Abstract

Prior longitudinal research suggests that younger subjective age (i.e., feeling younger than your chronological age) predicts better subsequent cognitive functioning and lower dementia incidence independent of chronological age. However, no research has investigated interactions between subjective age and chronological age. This study examined whether older adults with more youthful subjective age performed better on cognitive evaluations than those with older subjective age and whether associations differed as a function of chronological age. Data from 1,047 older adults aged 65 and older from the Health and Retirement Study’s 2016 Harmonized Cognitive Aging Project were analyzed.
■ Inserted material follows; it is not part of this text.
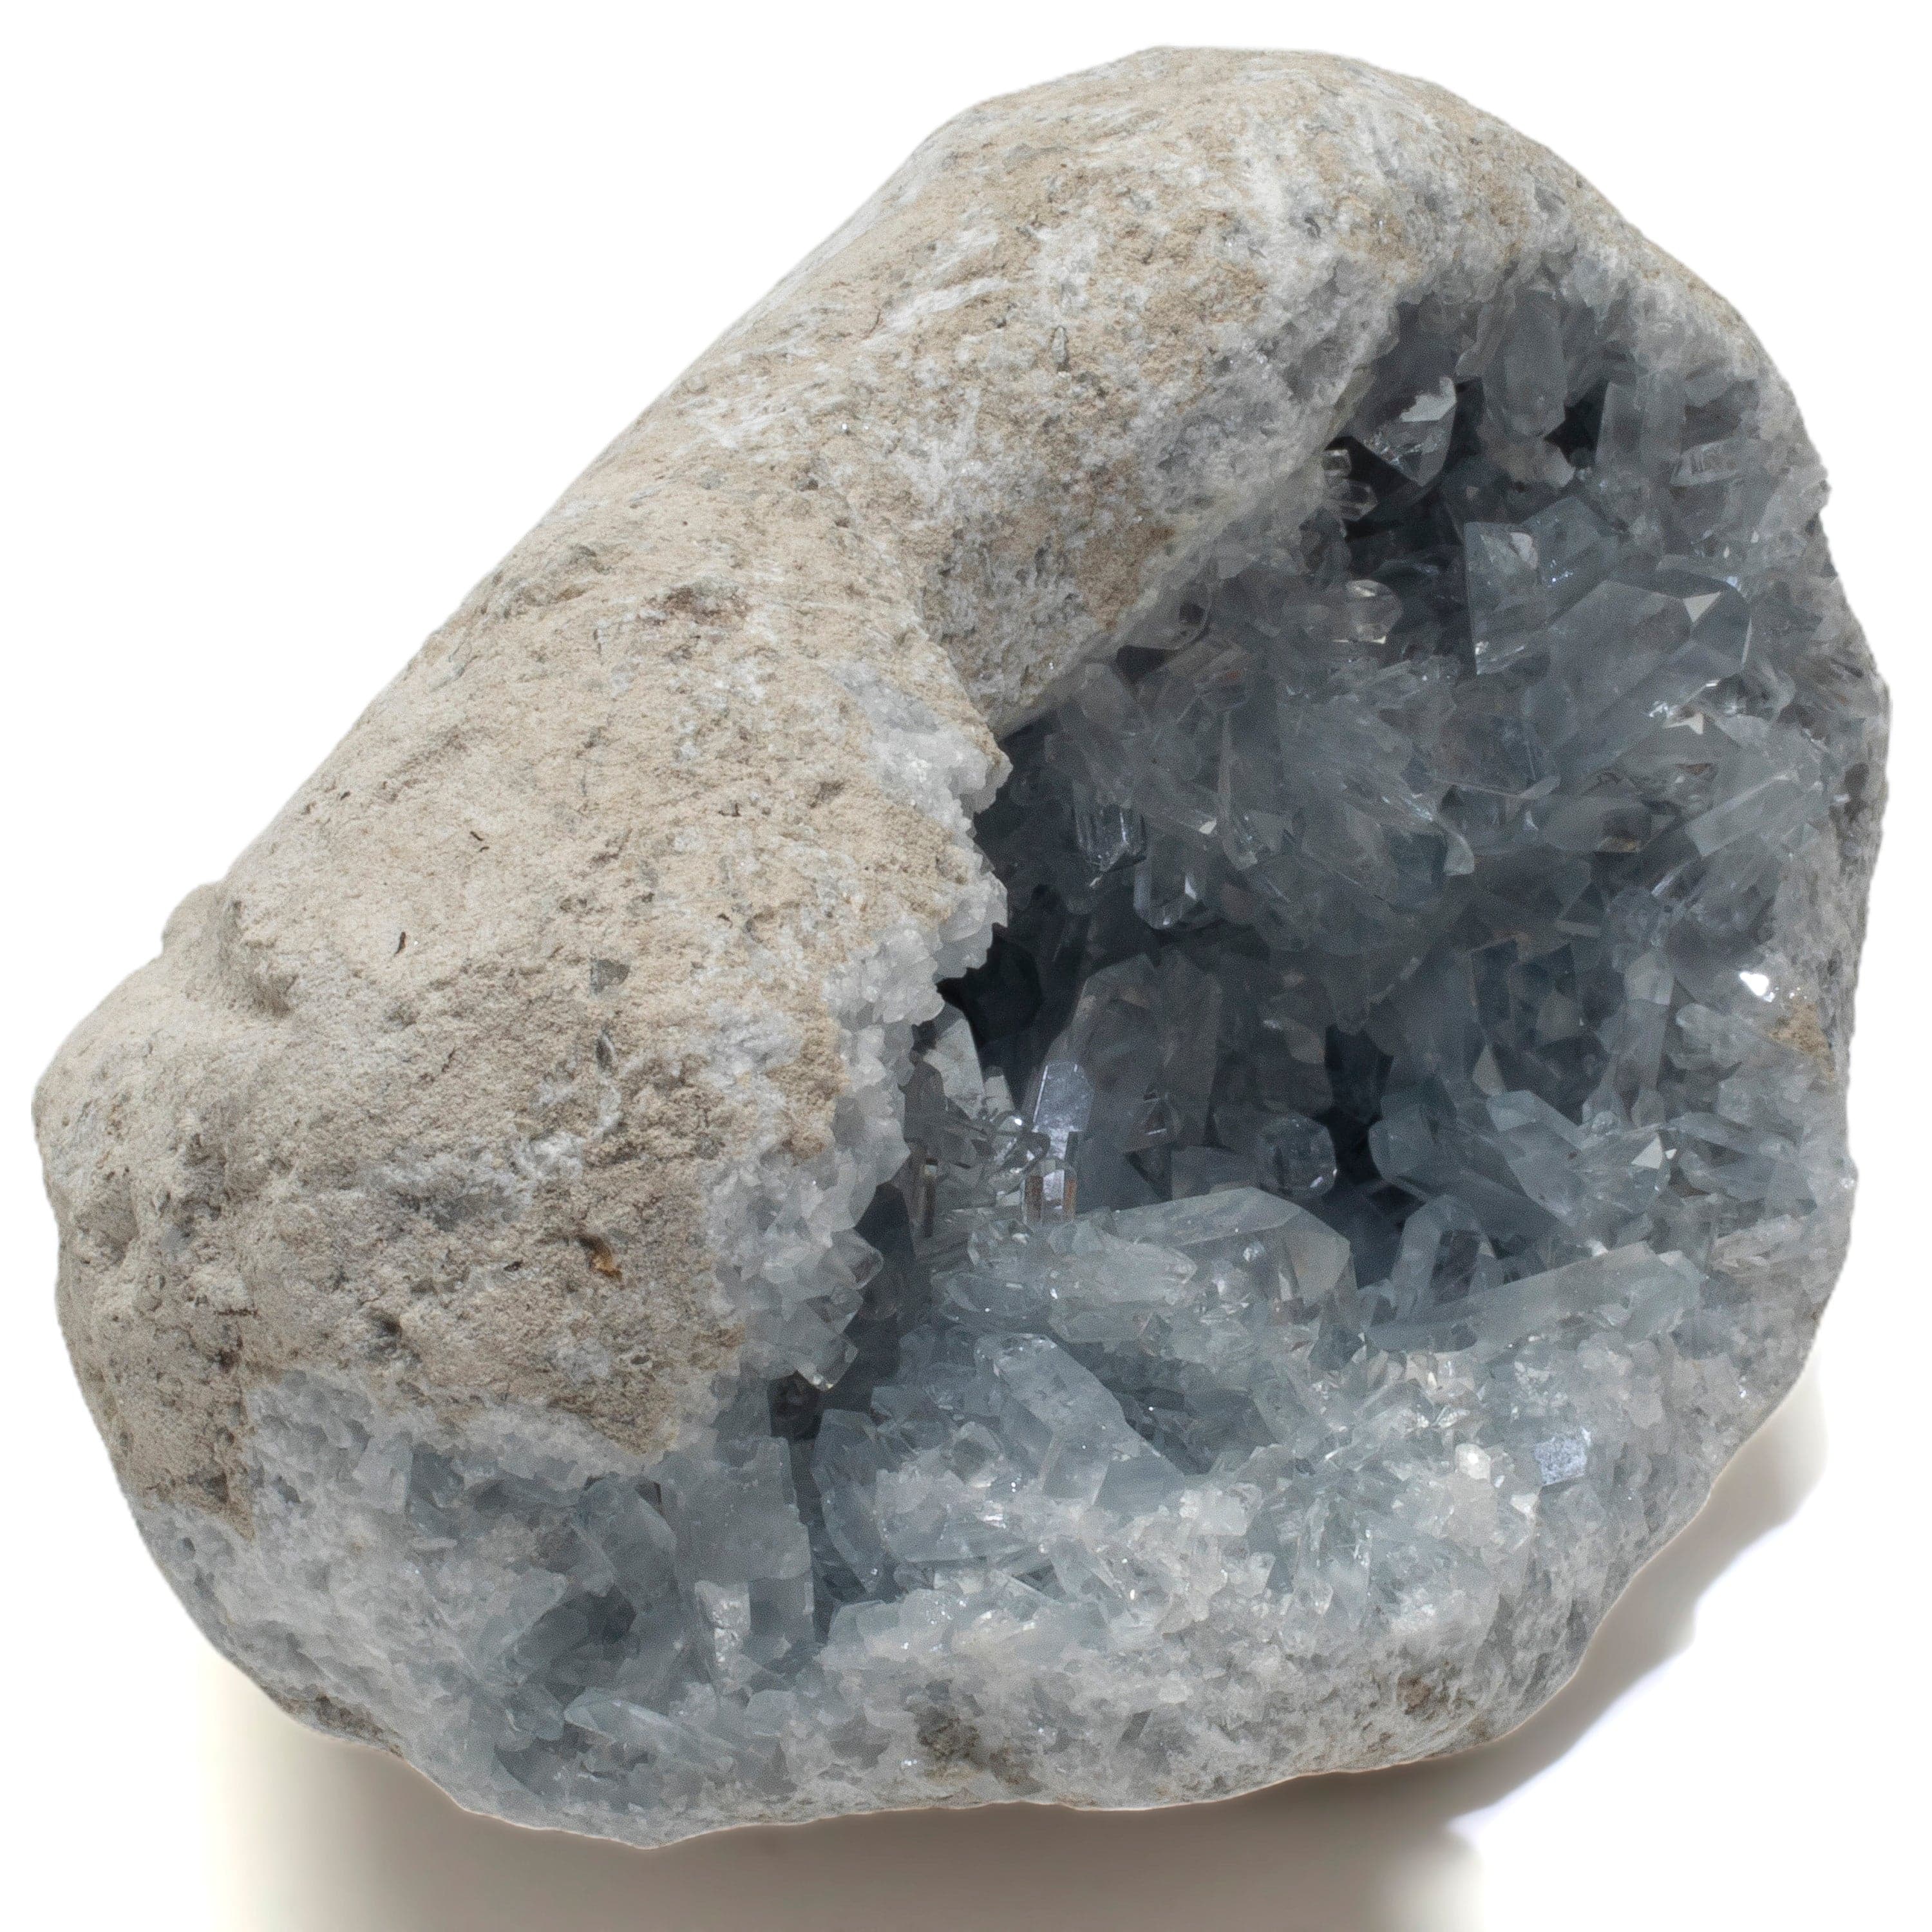 Kalifano Celestite Natural Celestite Crystal Cluster Geode from Madagascar - 8.5 in. CG1600.001

Separate linear regressions estimated associations between subjective age and factor scores corresponding to five cognitive domains: executive function, episodic memory, language, visuospatial functioning, and processing speed. Covariates included sociodemographic characteristics and chronic disease burden. Interaction terms tested whether chronological age modified associations between subjective age and cognition. In the whole sample, younger subjective age was associated with better language. Significant interactions for all five domains revealed that associations were stronger and statistically significant for participants at the oldest chronological ages. The predictive value of subjective age may be highest among the oldest adults. These cross-sectional findings suggest that the oldest adults are most vulnerable to the detrimental effects of feeling older than one’s chronological age, cognitive difficulties are more relevant for subjective age perceptions for the oldest adults, and/or subjective age better reflects consequential physiological deterioration in that group. Future longitudinal research is needed to elucidate these possibilities.